* **Aim of the exercise**
The expected answer is the full listing, repeated exactly and free of images.

* **Exercise data**
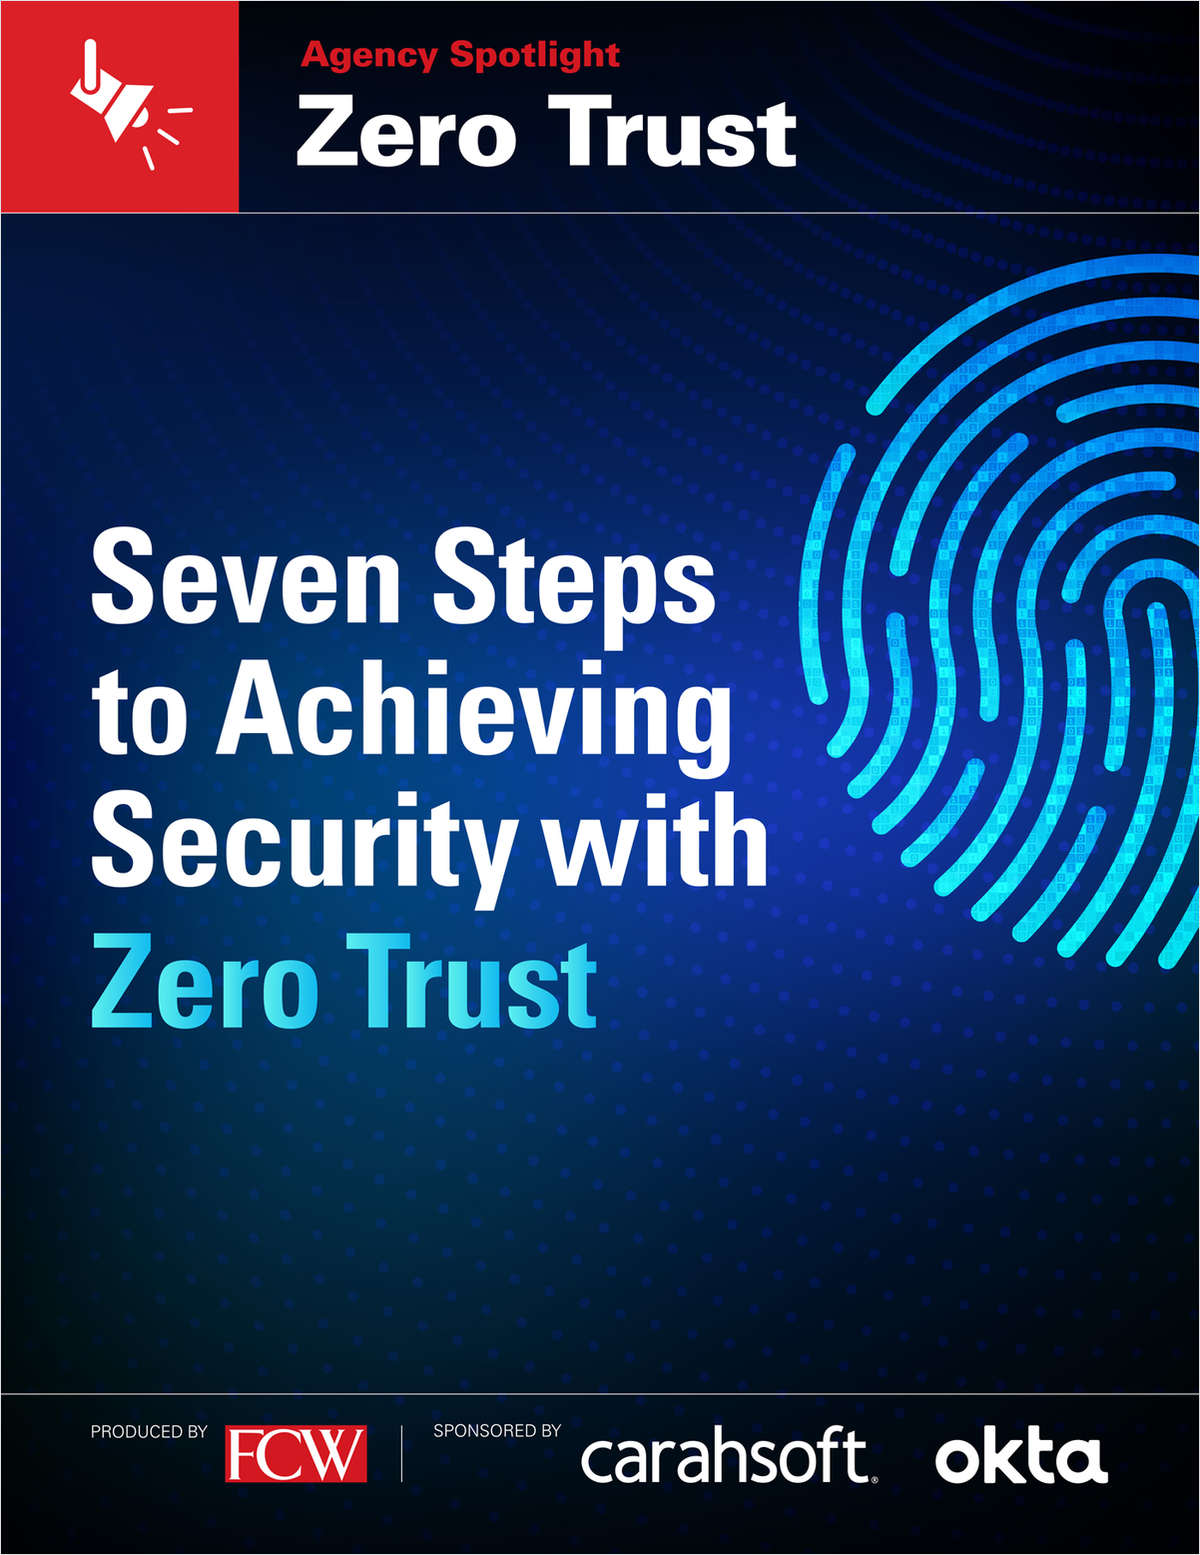 7 Steps to Achieving Security with Zero Trust
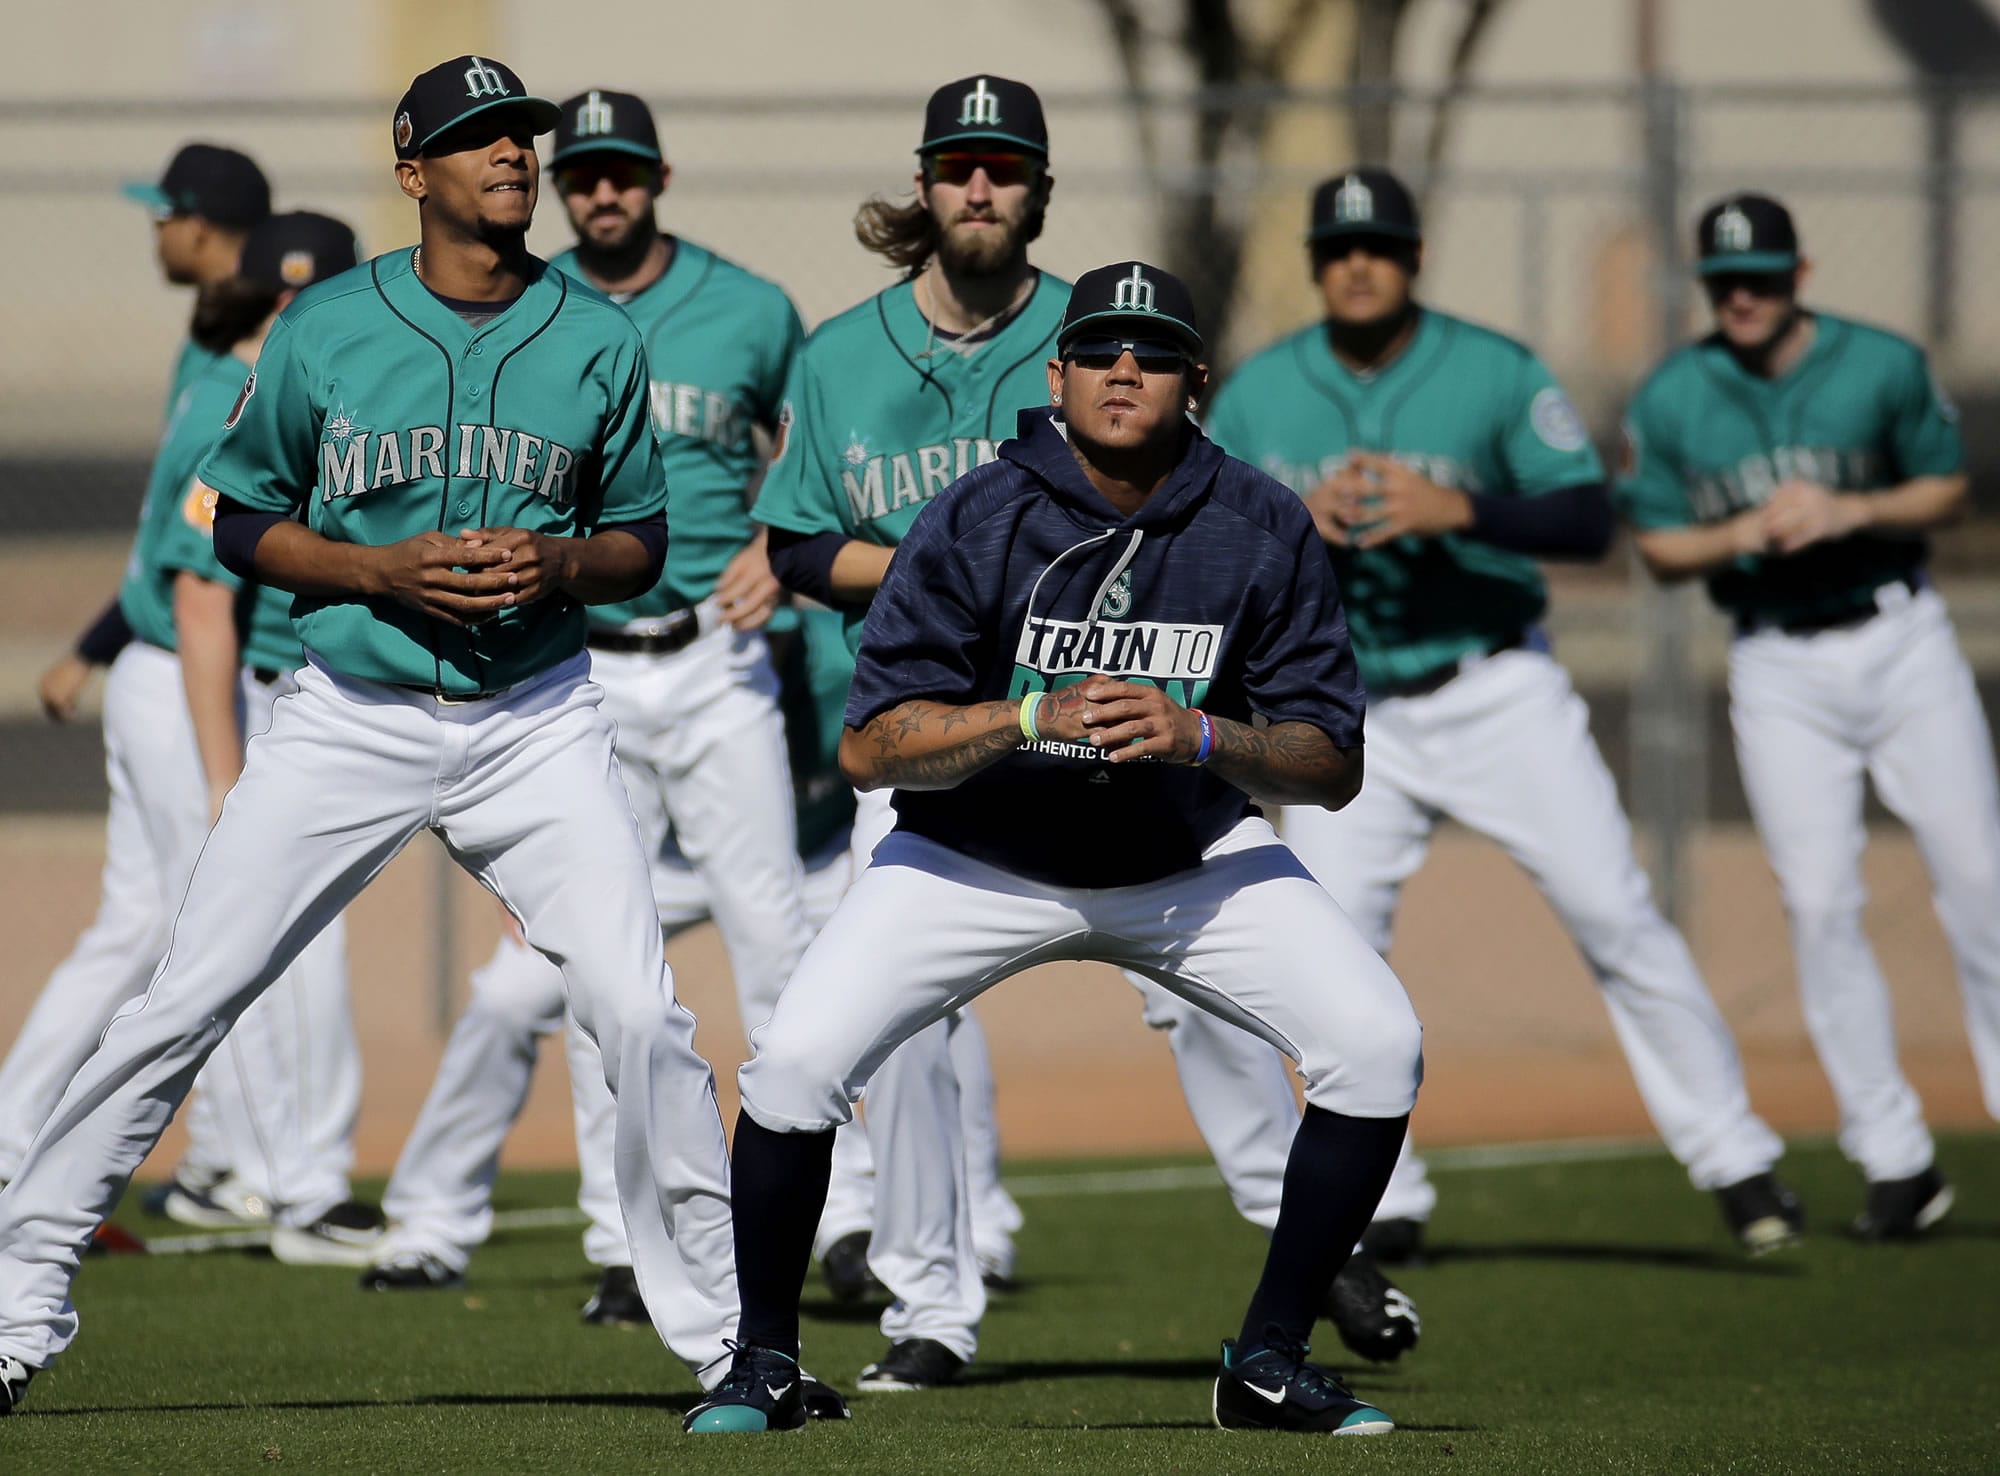 Mariners adopt 'Whatever It Takes' mantra for season - The Columbian
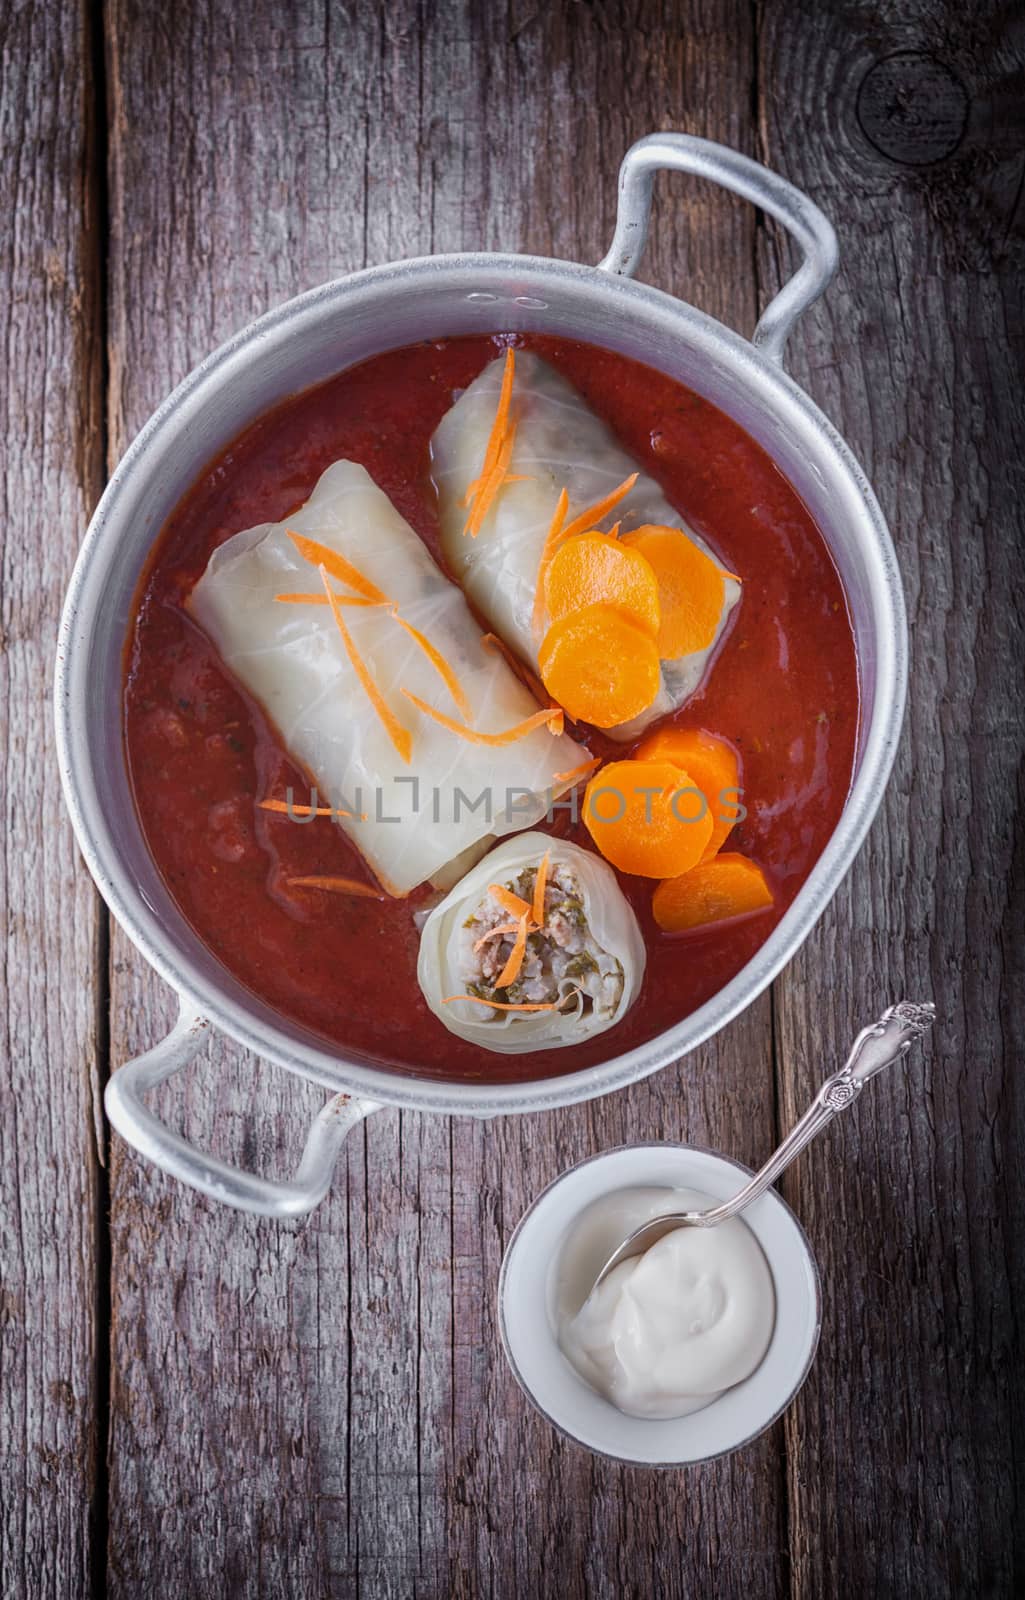 Stuffed Cabbage Rolls by supercat67
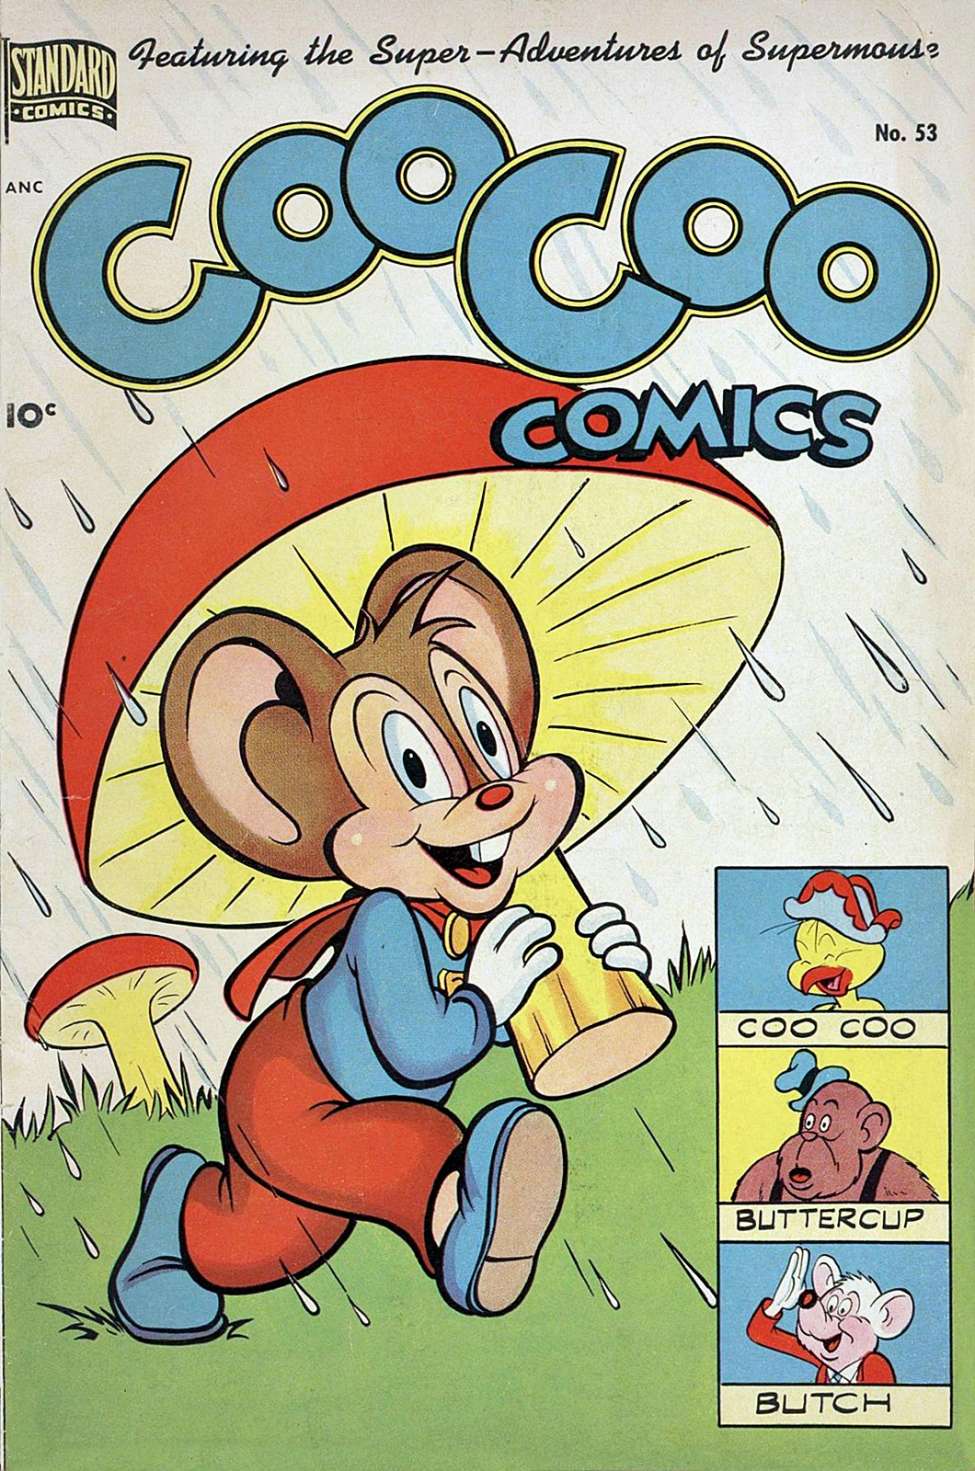 Book Cover For Coo Coo Comics 53 - Version 1

* **Task response**
 7 Steps to Achieving Security with Zero Trust
 Mariners adopt 'Whatever It Takes' mantra for season - The Columbian
 Stuffed Cabbage Rolls by supercat67
 Book Cover For Coo Coo Comics 53 - Version 1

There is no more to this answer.